WavPack: Difference between revisions

From MultimediaWiki
Jump to navigation Jump to search
No edit summary
(Add unofficial fourcc)
Line 2: Line 2:
* Website: http://www.wavpack.com/
* Website: http://www.wavpack.com/
* Samples: http://samples.mplayerhq.hu/A-codecs/lossless/ (luckynight.wv)
* Samples: http://samples.mplayerhq.hu/A-codecs/lossless/ (luckynight.wv)
* FOURCC (unofficial): WVPK


WavPack is an open source lossless audio coding algorithm with floating point data support and optional lossy audio compression.
WavPack is an open source lossless audio coding algorithm with floating point data support and optional lossy audio compression.

Revision as of 16:31, 7 October 2006

WavPack is an open source lossless audio coding algorithm with floating point data support and optional lossy audio compression.

WavPack v.4

File Format

General details of WavPack format can be found in file 'format.txt' in wavpack sources archive. WavPack file consists of blocks each beginning with 'wvpk'. Every block contains all information about sound data - sampling rate, channels, bits per sample, etc. and so-called metadata. Metadata may contain different coefficients using for restoring samples, correction bitstream and actual compressed samples.

Block structure

Each block contains compressed data

Block header (all data is stored in little-endian words)

 4 bytes - 'wvpk'
 32 bits - block size
 16 bits  - version 
 8  bits - track number
 8  bits - track sub index
 32 bits - total samples in file (may be 0xFFFFFFFF)
 32 bits - offset in samples for current block (i.e. how much samples should be decoded by now)
 32 bits - samples in this block
 32 bits - flags
 32 bits - CRC

Flags meaning:

 bits  0- 1 - bytes per sample minus one
 bit      2 - sound is monaural
 bit      3 - hybrid profile (lossy compression)
 bit      4 - joint stereo coding scheme
 bit      5 - cross-decorrelation scheme is used
 bit      6 - shaping for hybrid profile is present
 bit      7 - floating point data present
 bit      8 - int32 mode
 bits  9-10 - hybrid profile flags
 bits 11-12 - multi-channel start and end blocks
 bits 13-17 - shift parameter?
 bits 18-22 - scaling parameter?
 bits 23-26 - sampling rate index

Metadata

Metadata can be divided into three parts: ID, length and data. Every metadata block has even length and data size is stored in words in either one or three bytes depending on ID flag

Flags for ID:

 0x20 - decoder may ignore data contained here
 0x40 - data size is odd
 0x80 - data size is large

IDs:

 * 0x01 - encoder info
 * 0x02 - decorrelation terms
 * 0x03 - decorrelation weights
 * 0x04 - decorrelation samples
 * 0x05 - entropy info
 * 0x0A - packed samples

Decorrelation terms

Decorrelation terms are stored in one byte, lower 5 bits indicate predictor type, high 3 bits contain delta value.

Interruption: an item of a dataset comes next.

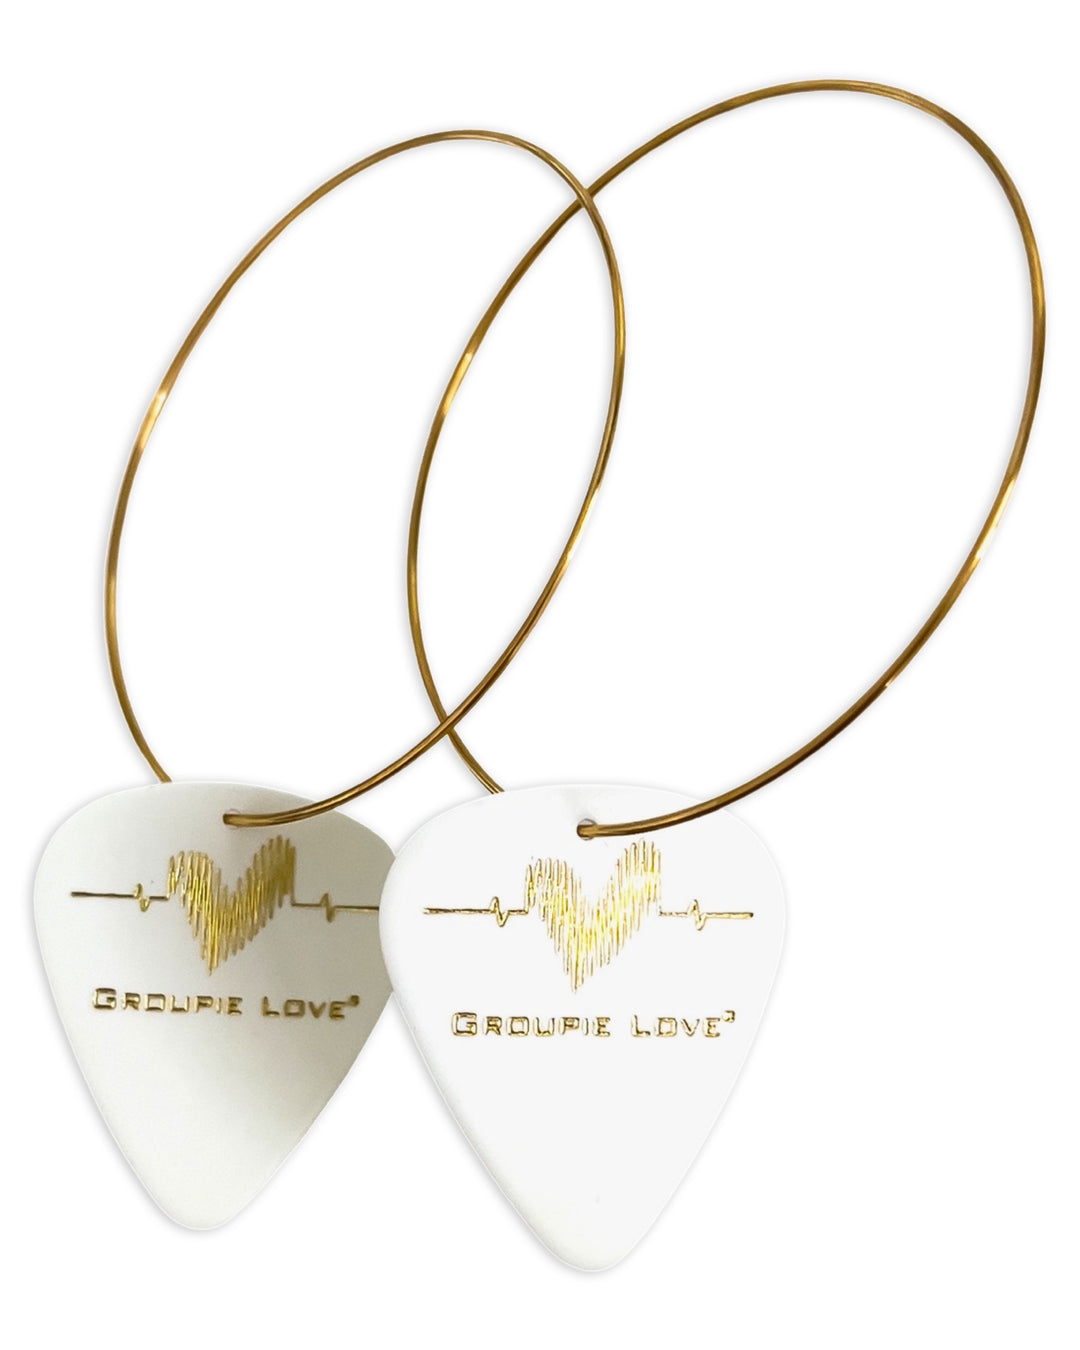 Groupie Love White Gold Single Guitar Pick Earrings

Possible predictor values:

 0-5 - predictors for stereo, only predictors 2-4 are implemented
 6-12 - predictor uses 1-7 samples for prediction
 13-16 - reserved
 17-18 - predictor does prediction by two samples

Decorrelation weights

Each decorrelation term should have one or two weights depending on channels. Each weight is packed into one byte and can be restored in this way:

 n = getchar() << 3;
 if(n > 0) n += (n + 64) >> 7;

Decorrelation samples

Each decorrelation term may have up to 16 samples depending on its value. Each sample is 32-bit but stored in 16 bits, lower 8 bits are mantiss and high 8 bits are exponent-9, i.e if exponent < 9 shift mantiss right, otherwise left

Entropy info

This section contains one or two sets of medians for samples decoding. Each median is log-packed into 16 bits as described above.

Samples coding

Samples are stored in metadata block with ID=0x0A and are packed with modified Golomb codes. Decoding process is specified below where get_unary() is the function which returns length of '1'-bits string (i.e. 111110b = 5, 10b = 1). Codeset is adaptively divided into four sets and every code has unary prefix (possibly escaped) defining interval of this code and mantis part like in Golomb code.

 if(last_zero){
   n = 0;
   last_zero = 0;
 }else{
   n = get_unary();
   if(n == 16){
     n2 = get_unary();
     if(n2 < 2) n += n2;
     else n += (1 << (n2-1)) | getbits(n2-1);
   }
   last_one = n & 1;
   if(last_one)
     n = (n>>1) + 1;
   else
     n = n >> 1;
   last_zero = !last_one;
 }
 if(n == 0){
   base = 0;
   add = median[0] - 1;
   decrease median[0];
 } else if(n == 1){
   base = median[0];
   add = median[1] - 1;
   increase median[0];
   decrease median[1];
 } else {
   base = median[0] + median[1] + median[2] * (n - 2);
   add = median[2] - 1;
   increase median[0];
   increase median[1];
   if(n == 2) derease median[2];
   else increase median[2];
 }
 k = log2(add);
 ex = (1 << k) - add - 1;
 t2 = getbits(k - 1);
 if(t2 >= ex)
   t2 = t2 * 2 - ex + getbit();
 sign = getbit();
 if(sign==0) result = base + t2;
 else result = ~(base + t2);